Tensile 4.34.0 for ROCm 5.3.2
Tensile code for ROCm 5.3.2 did not change. The library was rebuilt for the updated ROCm 5.3.2 stack.
Tensile 4.35.0 for ROCm 5.4.4
Tensile code for ROCm 5.4.4 did not change. The library was rebuilt for the updated ROCm 5.4.4 stack.
Tensile 4.35.0 for ROCm 5.4.3
Tensile code for ROCm 5.4.3 did not change. The library was rebuilt for the updated ROCm 5.4.3 stack.
Tensile 4.35.0 for ROCm 5.4.2
Tensile code for ROCm 5.4.2 did not change. The library was rebuilt for the updated ROCm 5.4.2 stack.
Tensile 4.35.0 for ROCm 5.4.1
Tensile code for ROCm 5.4.1 did not change. The library was rebuilt for the updated ROCm 5.4.1 stack.
Tensile 4.35.0 for ROCm 5.4.0
Added
- Async DMA support for Transpose Data Layout (ThreadSeparateGlobalReadA/B)

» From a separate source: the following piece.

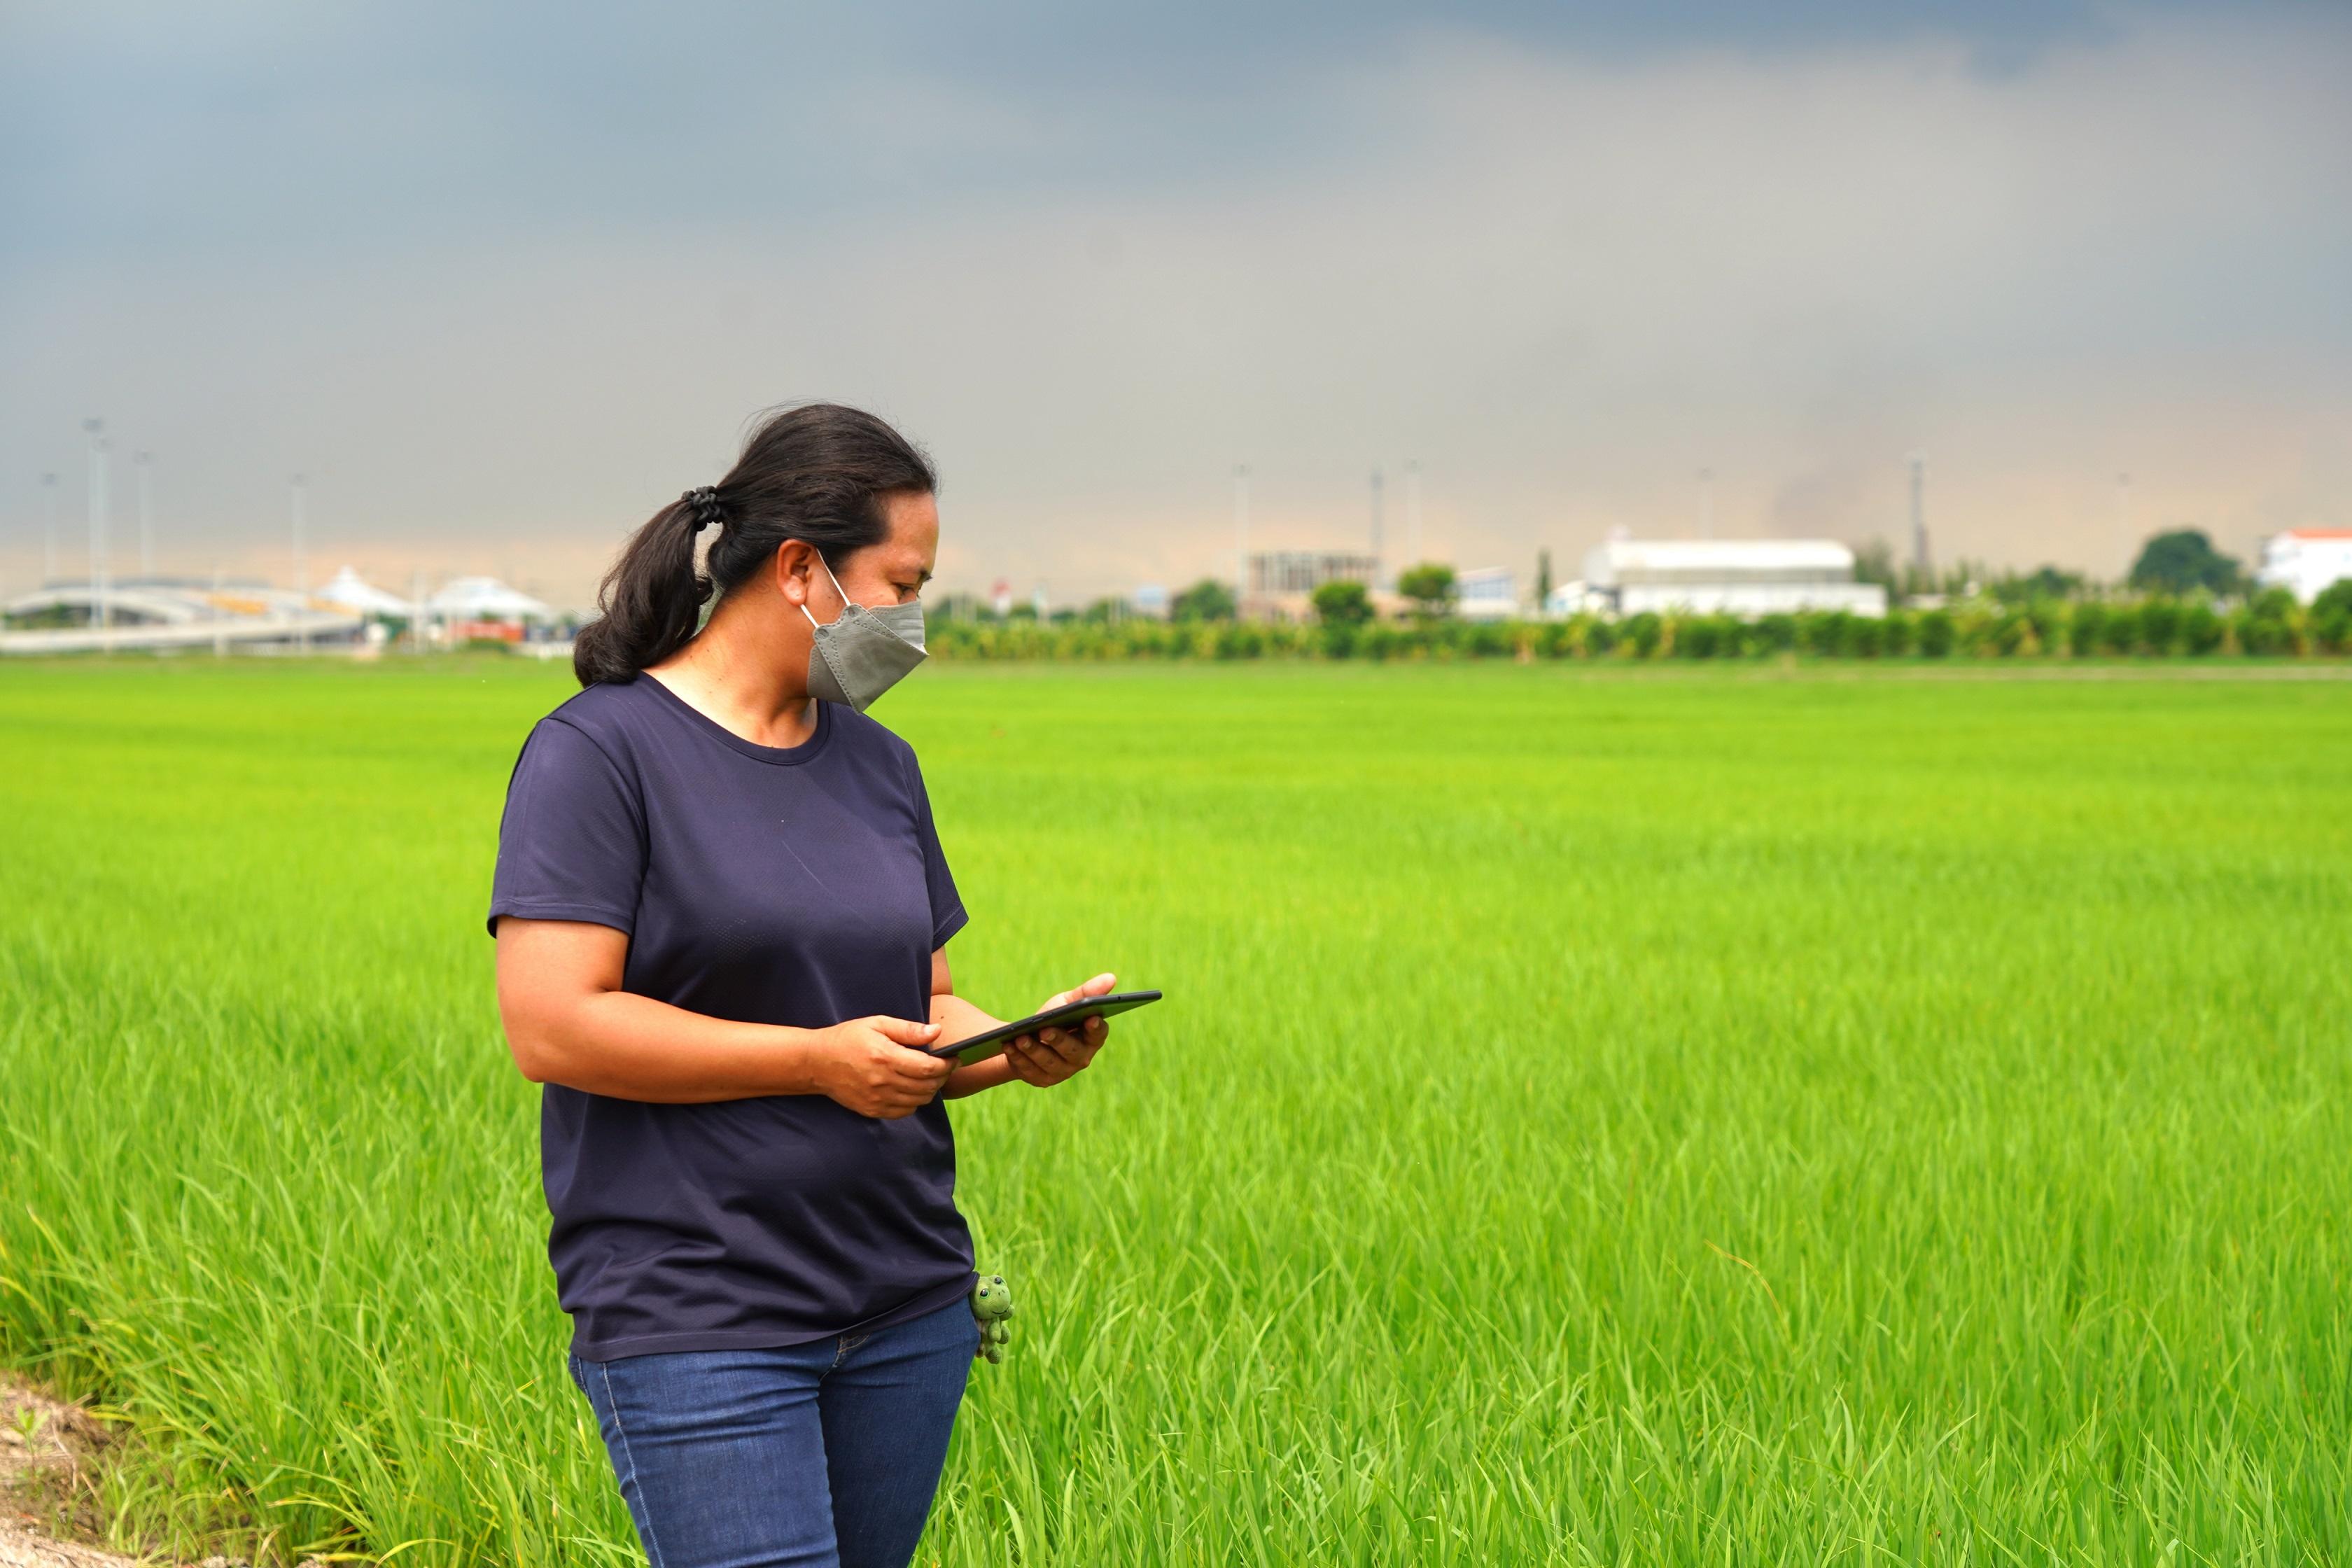 เออาร์วี ร่วมกับ ซัมซุง ส่งหลากโซลูชันช่วยอัพเกรดเกษตรกรไทยก้าวสู่สมาร์ทฟาร์มเมอร์ พร้อมเผยแผนปั้น 3 ดีพเทค ส่งตรงถึงแปลงเกษตรทุกพื้นที่

- Option to output library logic in dictionary format
- No solution found error message for benchmarking client
- Exact K check for StoreCInUnrollExact
- Support for CGEMM + MIArchVgpr
- client-path parameter for using prebuilt client
- CleanUpBuildFiles global parameter
- Debug flag for printing library logic index of winning solution
- NumWarmups global parameter for benchmarking
- Windows support for benchmarking client
- DirectToVgpr support for CGEMM
- TensileLibLogicToYaml for creating tuning configs from library logic solutions
Optimizations
- Put beta code and store separately if StoreCInUnroll = x4 store
- Improved performance for StoreCInUnroll + b128 store
Changed
- Re-enable HardwareMonitor for gfx90a
- Decision trees use MLFeatures instead of Properties
Fixed
- Reject DirectToVgpr + MatrixInstBM/BN > 1
- Fix benchmark timings when using warmups and/or validation
- Fix mismatch issue with DirectToVgprB + VectorWidth > 1
- Fix mismatch issue with DirectToLds + NumLoadsCoalesced > 1 + TailLoop
- Fix incorrect reject condition for DirectToVgpr
- Fix reject condition for DirectToVgpr + MIWaveTile < VectorWidth
- Fix incorrect instruction generation with StoreCInUnroll
Tensile 4.34.0 for ROCm 5.3.1
Tensile code for ROCm 5.3.1 did not change. The library was rebuilt for the updated ROCm 5.3.1 stack.